The second component of the PPA to understand is the real-time price signature. Just as each location has its own patterns of generation, so too does each price location have its own unique price signature. The price signature is highly complex and depends on many different local factors including weather patterns, demand for electricity, generation availability and type (e.g., natural gas, coal, hydro, renewable, etc.), transmission infrastructure, fuel price, and governmental policy and regulations, to name a few. Despite all this complexity, there are two useful indicators of a particular location’s price signature that provide insight when assessing PPA value and risk: historical real-time spot prices and current forward contract prices.

The historical real-time spot prices provide a record for how the particular price location has behaved in the past. Some prices may be extremely volatile while others may be more predictable. Some may show enormous variability across each day while others may have a flatter shape. Some may change shape seasonally while others may remain more constant throughout the year. Teasing out these price trends from historical price history is essential to building an understanding of when electricity is most valuable at a particular price location and when value is most uncertain. Both of these components are directly tied to the value and risk the PPA will have over its contract term.

The second pricing component that sheds light on market expectation at the pricing location is the current forward contract price. This is the price agreed upon today for electricity to be delivered at some point in the future. Together the set of forward prices across a range of future delivery periods is called the “forward curve”, and this forward curve is one reflection of the current market expectation of what prices will be in the future. Not every pricing location has a liquidly-traded forward curve, so, in many cases, seasoned insight and understanding of financial electricity markets must be used to develop a forward curve specific to a given project. Whereas the historical spot price record provides insight on real-time price shape and variability, the forward curve provides insight on the absolute price level out in the future. Together, these two pricing components form the real-time price signature for the PPA.

Generation and Price Alignment

Having an understanding of the generation and price signatures individually is not sufficient to understand their effects on PPA value and risk; we have to also understand how they align in real-time.
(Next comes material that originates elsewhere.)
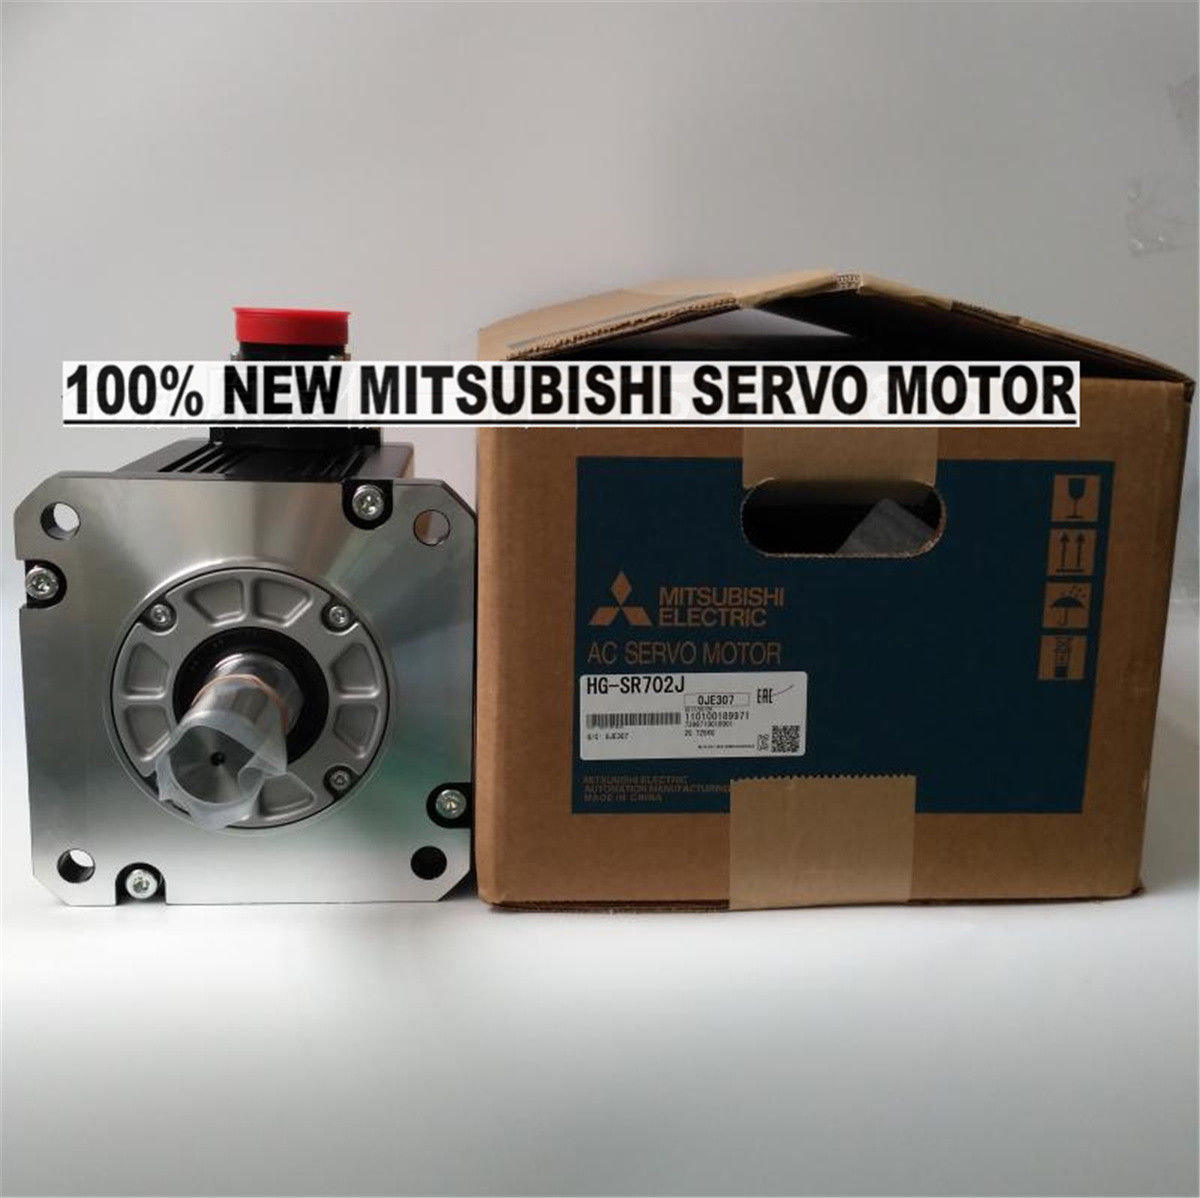 NEW Mitsubishi Servo Motor HG-SR702J in box HGSR702J

The value of the electricity generated under a PPA is the product of generation and the market price at the time the generation occurs. The multiplicative effect can magnify uncertainty and risk in one of these quantities relative to the other. For example, if market prices tend to dip down at times when generation is highest, the overall net effect will be a reduction in average PPA value. However, the high generation will magnify the downside risk of the low market prices, causing a greater net loss than if generation were at lower levels. Similarly, if market prices tend to spike when generation is low, the benefit to the PPA of high market prices will be reduced by lower-than-average generation.
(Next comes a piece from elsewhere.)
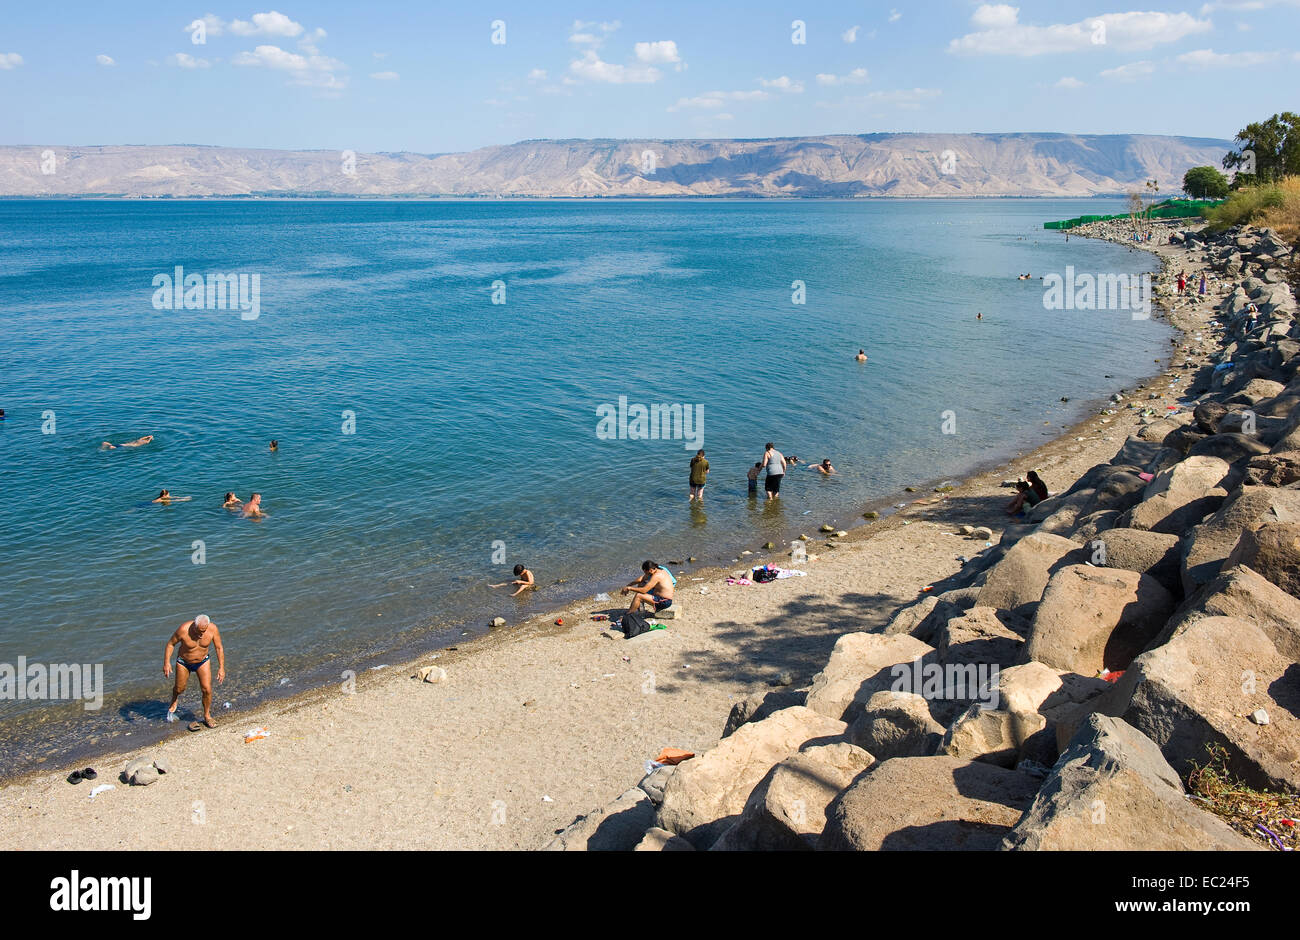 Les gens nagent dans la mer de Galilée, au sud de Tibériade Banque D'Images

The alignment between the generation and market prices signatures is a primary driver of both PPA value and risk. Because this alignment is constantly changing as markets evolve and more renewable generation is placed in service on the grid, a simulation-based approach to generation-price alignment can be an excellent way to probe a wide range of possible scenarios and assess the effect of each on overall value. A Monte Carlo simulation approach like’s ReAssure PPA valuation and risk assessment model can uncover the signature of generation and real-time prices for a particular PPA location while also providing insight into how the alignment of these two signatures drives PPA value and risk.

The next time you or your organization is looking to sign a long-term renewable PPA, make sure you don’t go into the transaction blinded by “greenwashing” claims and promises of positive NPV based on optimistic (or worse, faulty) analysis and forecasting. Make sure you demand to understand the signatures of real-time generation and real time market prices and how the two interact to drive value and risk for your particular PPA. Anything less, and you just may be signing a deal that could come back to bite you.

This article is based on the author’s recently-published article in the JP Morgan Center for Commodities Global Commodities Applied Research Digest (GCARD). For more details, please see the full article beginning on page 29 of the Summer 2018 issue of the GCARD here.

Brock Mosovsky, Ph.D., is Director of Operations and Analytics at, a SaaS energy analytics platform that helps companies understand their physical and financial exposure in today’s energy markets.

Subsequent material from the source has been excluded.